* [Supplied data]:
***

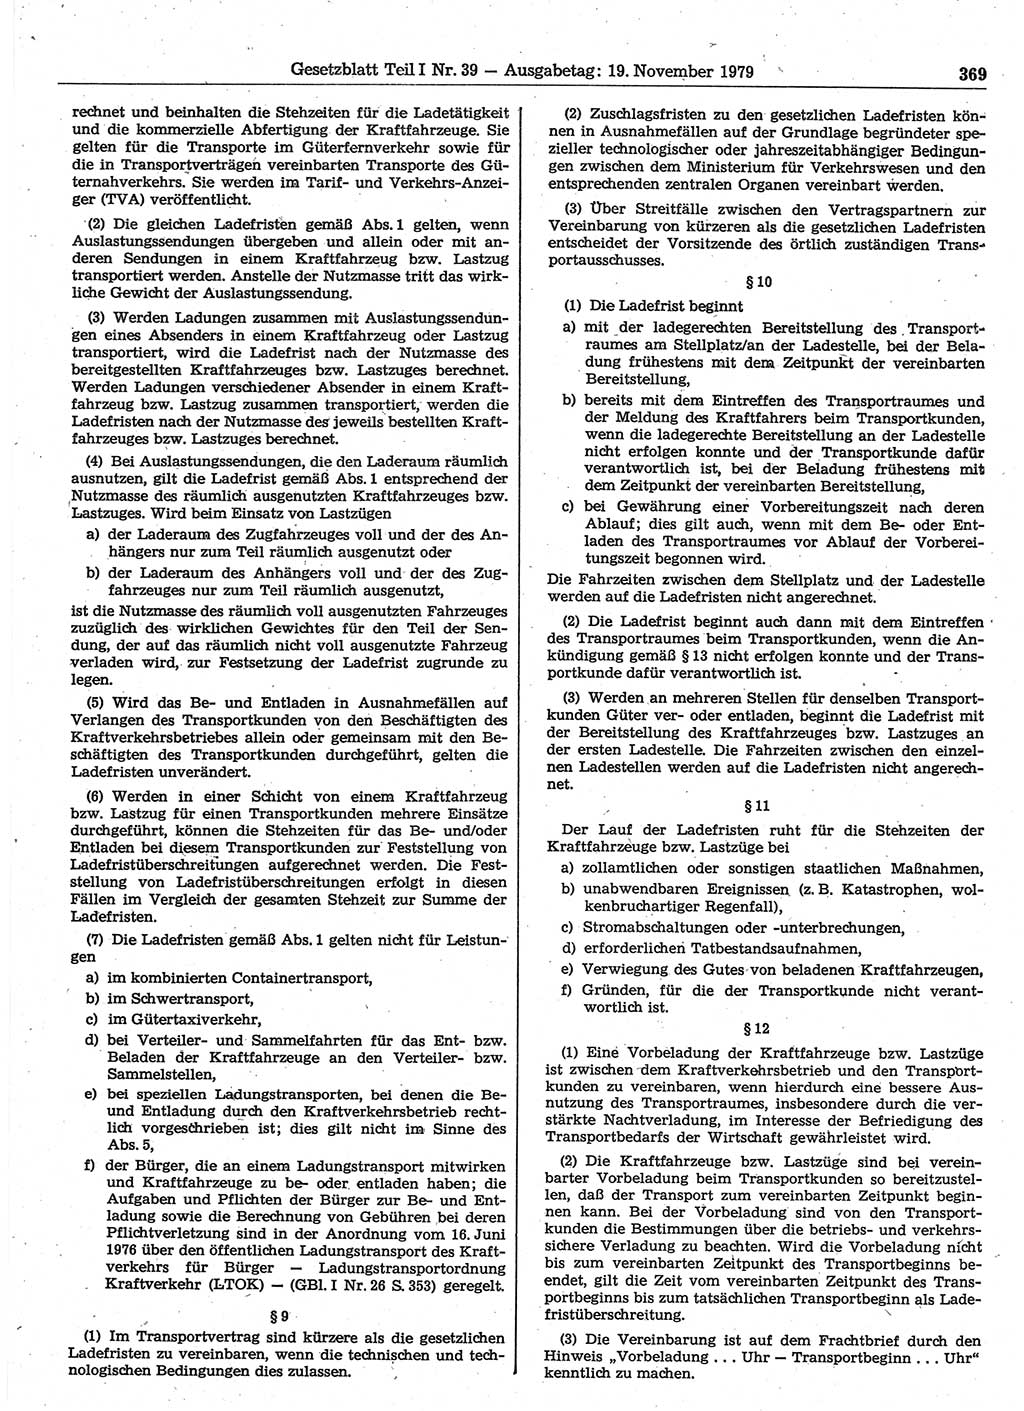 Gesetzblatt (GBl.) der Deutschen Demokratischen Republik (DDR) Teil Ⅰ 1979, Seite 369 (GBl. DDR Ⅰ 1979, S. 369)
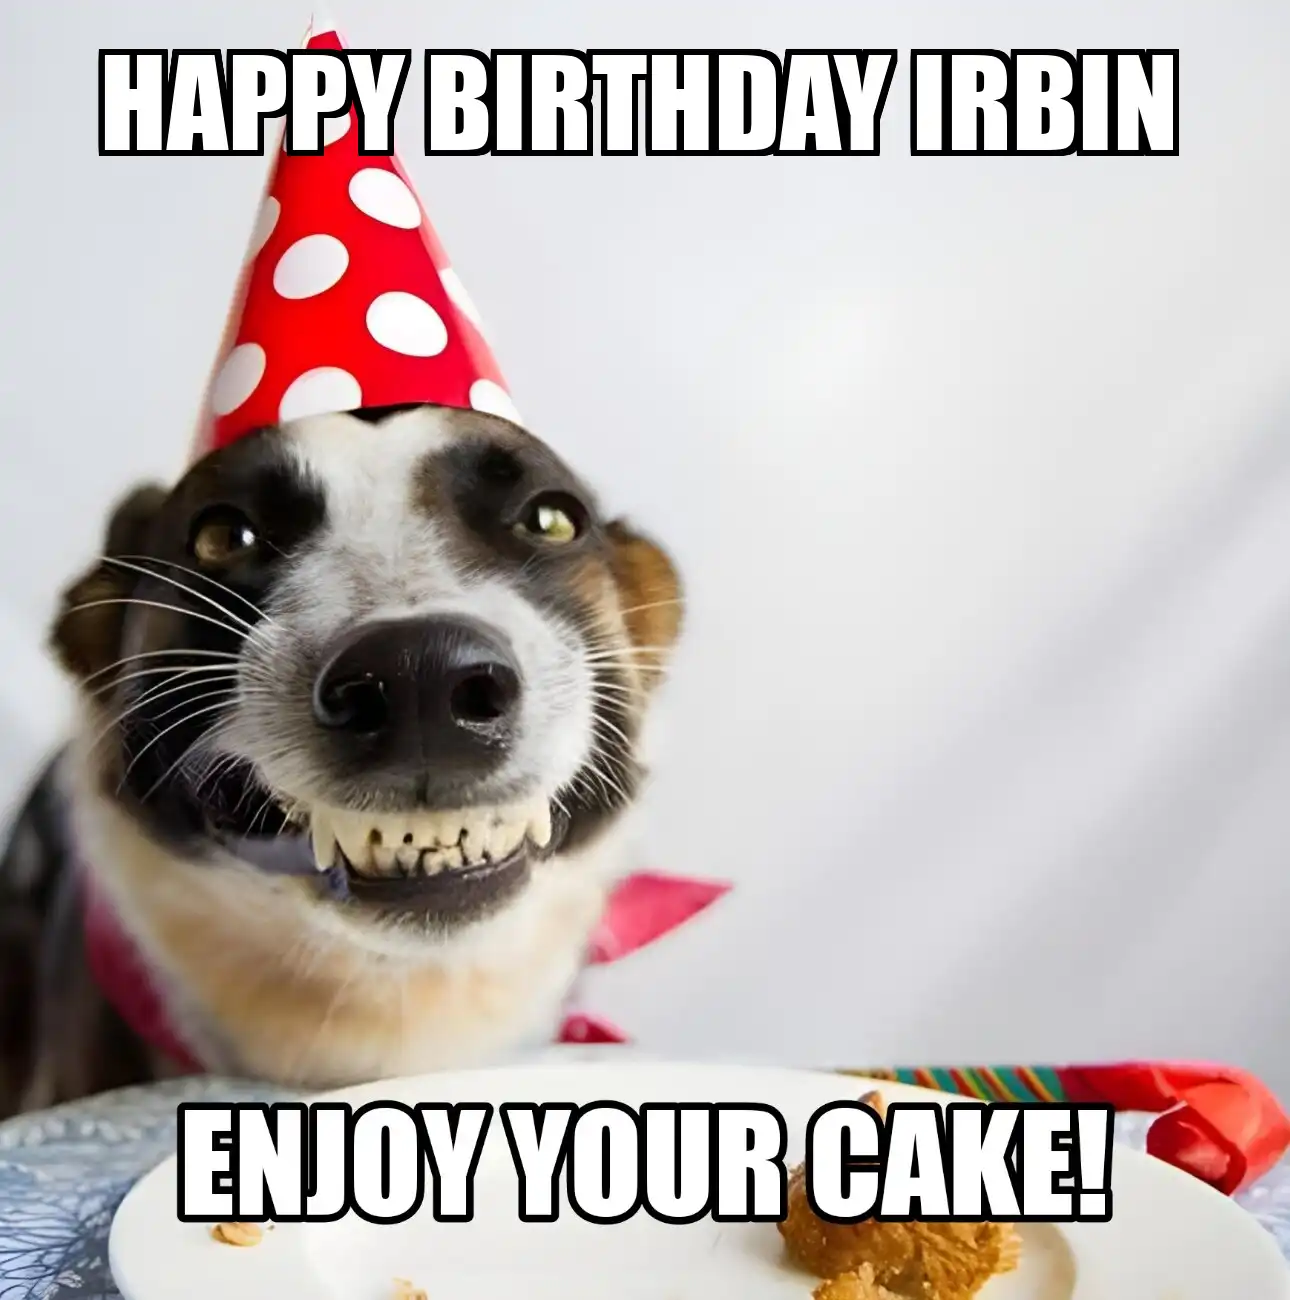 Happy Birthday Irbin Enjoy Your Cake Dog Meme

***

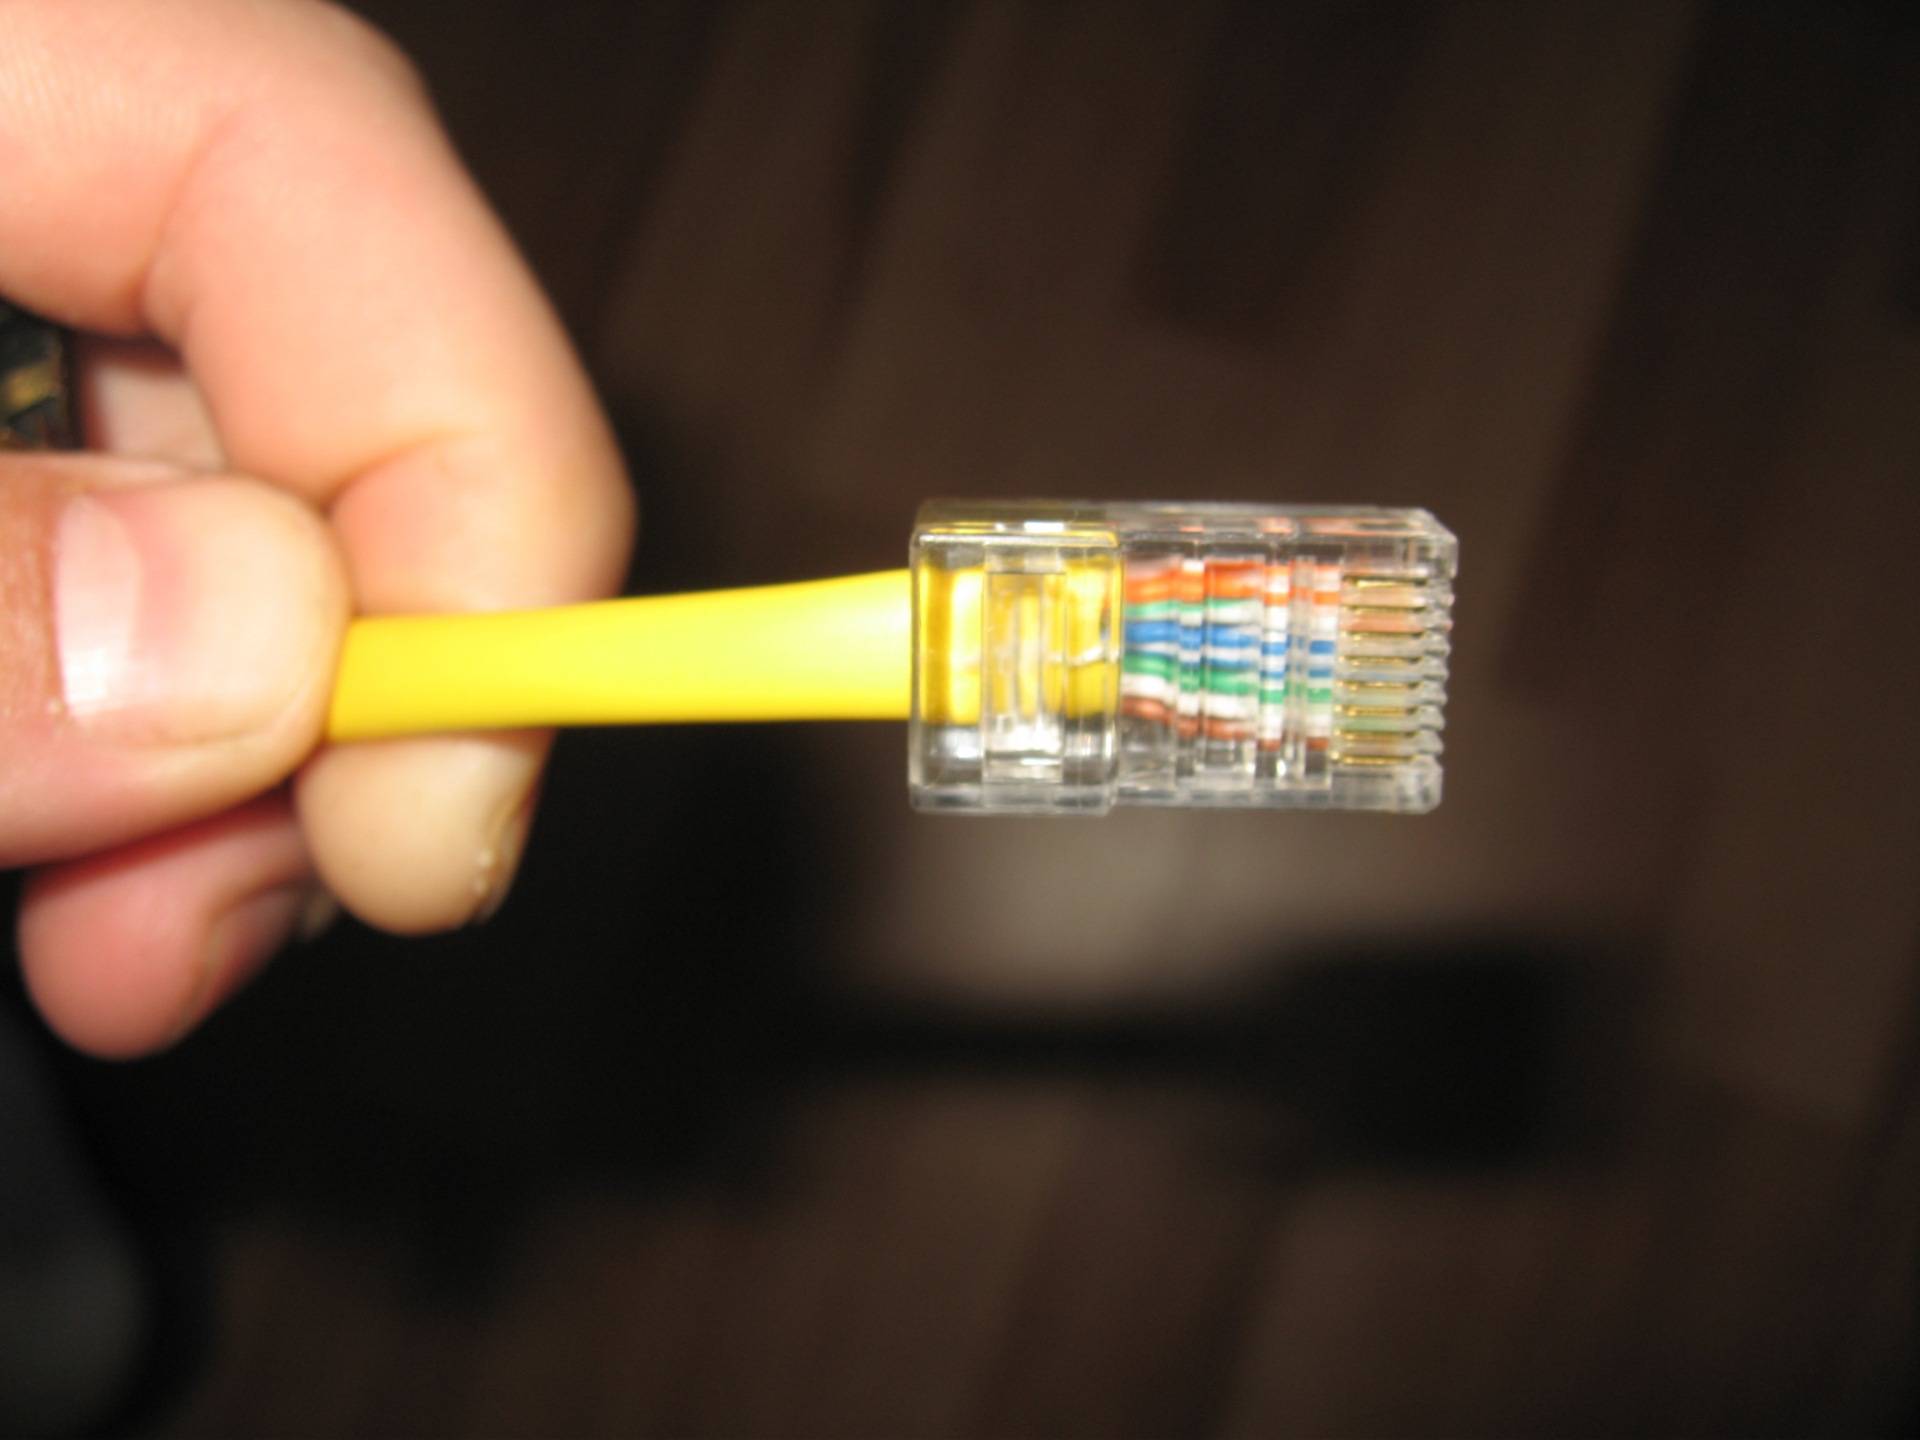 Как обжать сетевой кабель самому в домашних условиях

***

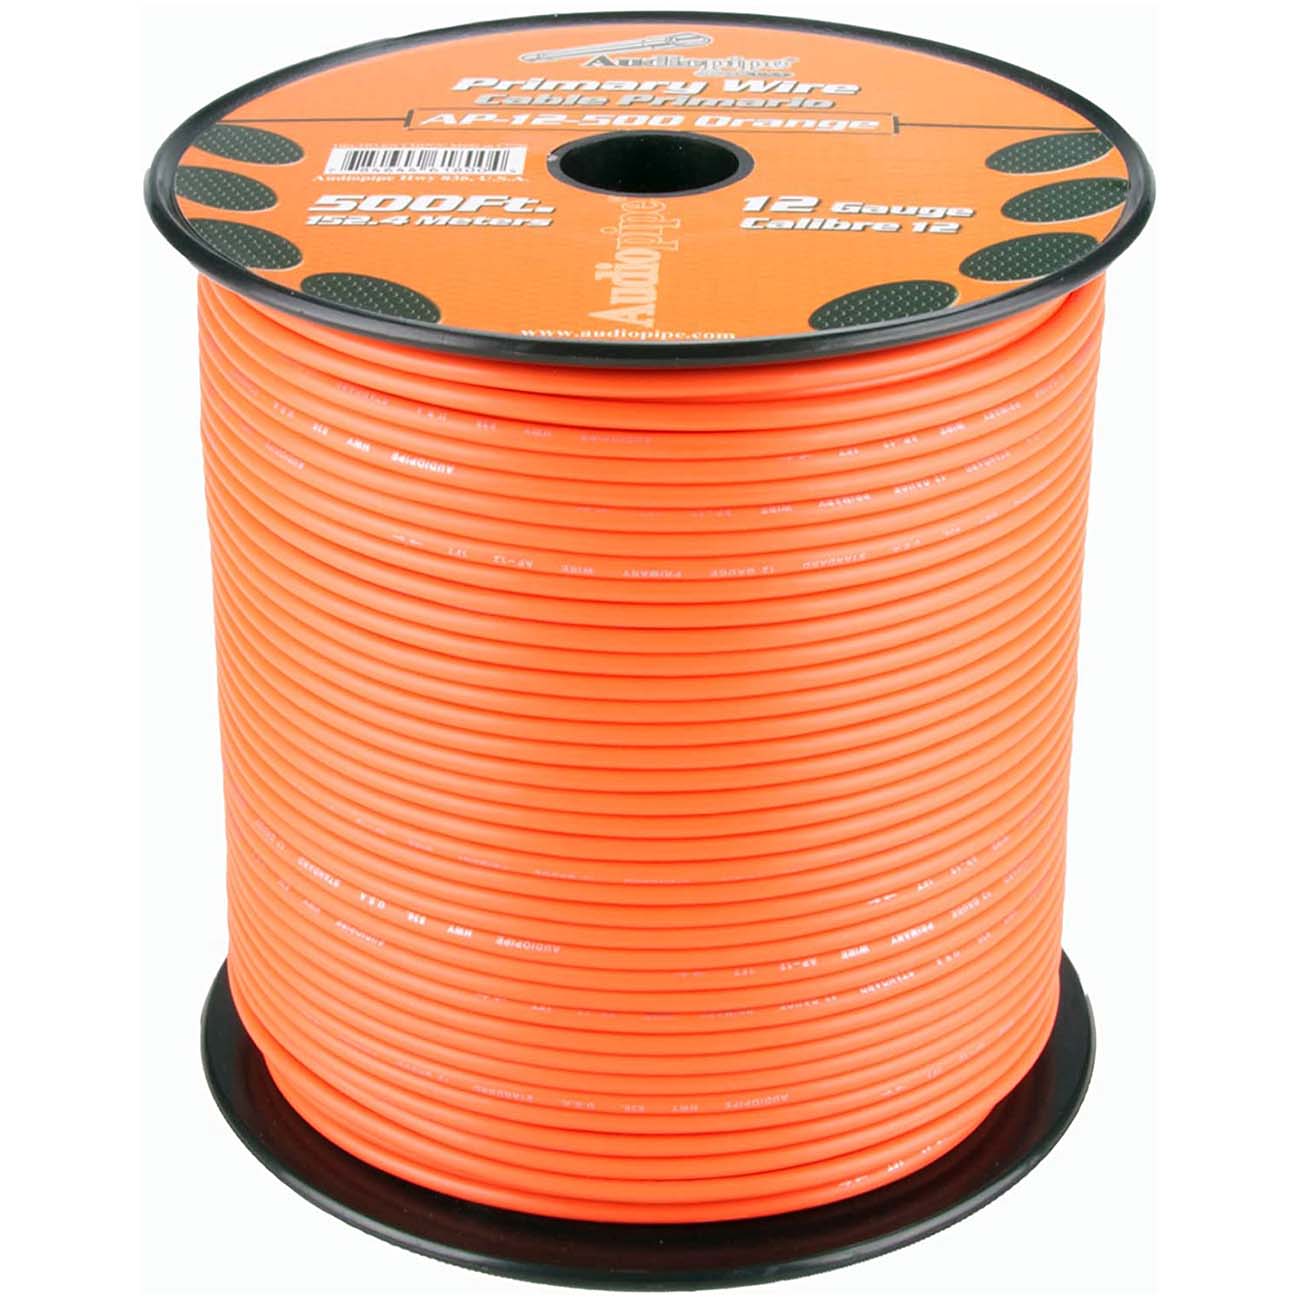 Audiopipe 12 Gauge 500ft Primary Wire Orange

***

* [Instructions to follow]: Give back exactly the lines above from the one with "Gesetzblatt (GBl.) der" through the one with "Happy Birthday Irbin", both included. Pictures don't belong in the copy.

* [Final answer]:
 Gesetzblatt (GBl.) der Deutschen Demokratischen Republik (DDR) Teil Ⅰ 1979, Seite 369 (GBl. DDR Ⅰ 1979, S. 369)
 Happy Birthday Irbin Enjoy Your Cake Dog Meme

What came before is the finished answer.